When I have my writer hat on, I don’t bill hourly. I always quote a flat rate, based on an estimate of the time, difficulty, and expertise needed to deliver what the client wants. So, when I’m working on content marketing articles, I don’t track my time. Why would I? Tracking your time takes time and, also, I hate doing it.
Then someone asks me how much my effective hourly rate is… and I can’t answer. Sure, I might know what it is for some specific recent assignments, because I happen to remember how much time I spent researching, writing, editing, and revising that particular piece, but beyond that?

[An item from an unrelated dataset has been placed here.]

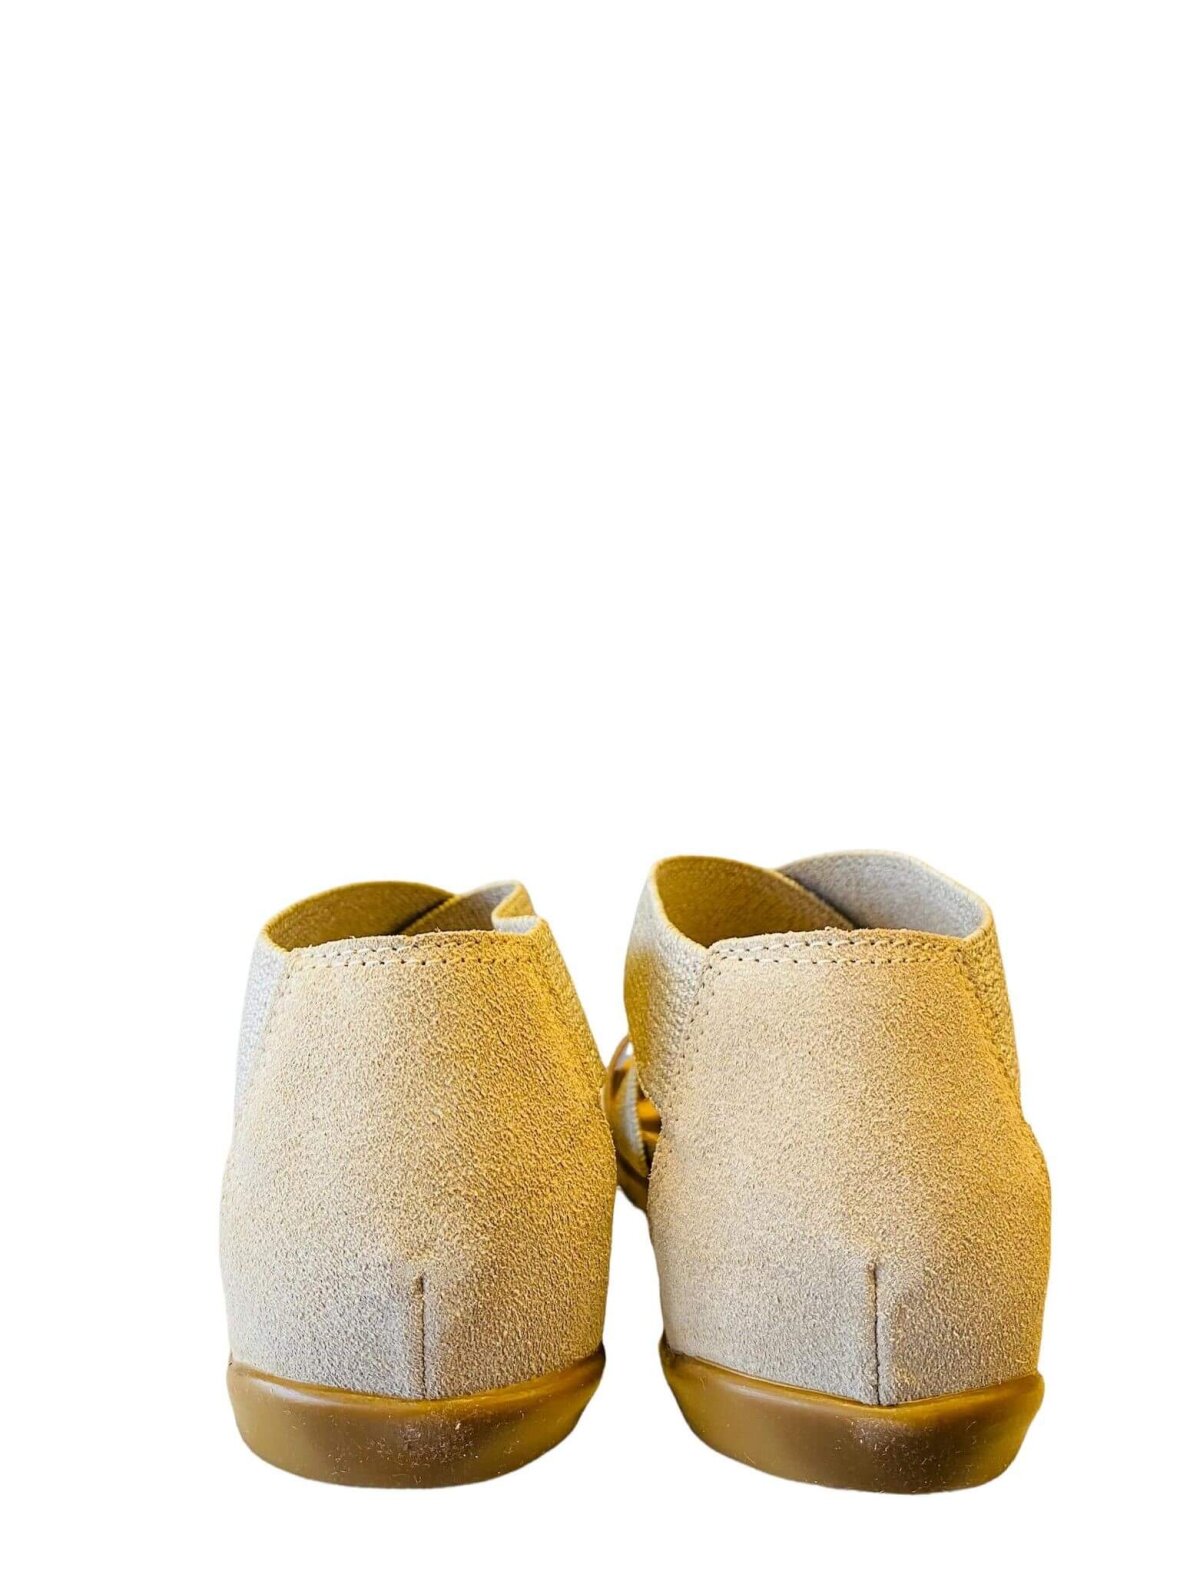 Køb sandal BioNatura beige ruskind hos Helle M i Vejle.

No dice.
Yet, when I talk with busy writers about how to grow their business, one of the first things I ask about is their average effective hourly rate. That is – across all their assignments, across all clients, across all work time. And I can’t even answer it myself. Oops.
It hasn’t always been this way. Actually, it’s only gotten away from me this year. I used to track my time and calculate my hourly averages about once a quarter, but my business has grown exponentially this year and, honestly, I’ve been too busy to properly manage my time, even though I think about productivity a lot. Once I saw how much more I’m on track to make this year vs. last year, I immediately knew it’s time to get serious about the value of my time and my work. The only way I can do that is by tracking my time and crunching the numbers to find out what’s actually happening, so I can make plans to secure my future and my sanity.
Next week, I’ll start tracking my work time for two weeks. I’ll track everything: client work, marketing, administrative tasks, plus all the in-between time that I spend shifting gears, getting distracted by social media or my email inbox, and procrastinating work by doing house chores and talking to my cats. It’s not going to be easy, but there are so many things I want to know that I hope that will motivate me to keep it up.
Here’s what I want to know:
- The total number of hours per week I actually work (spoiler alert: I have no idea)
- The total number of hours per week I spend on client work (i.e. ‘billable time’)
- My average hourly rate (total weekly billing/total work hours as well as total weekly billing/client work)
- What tasks I can outsource (to a virtual assistant, accountant, or other)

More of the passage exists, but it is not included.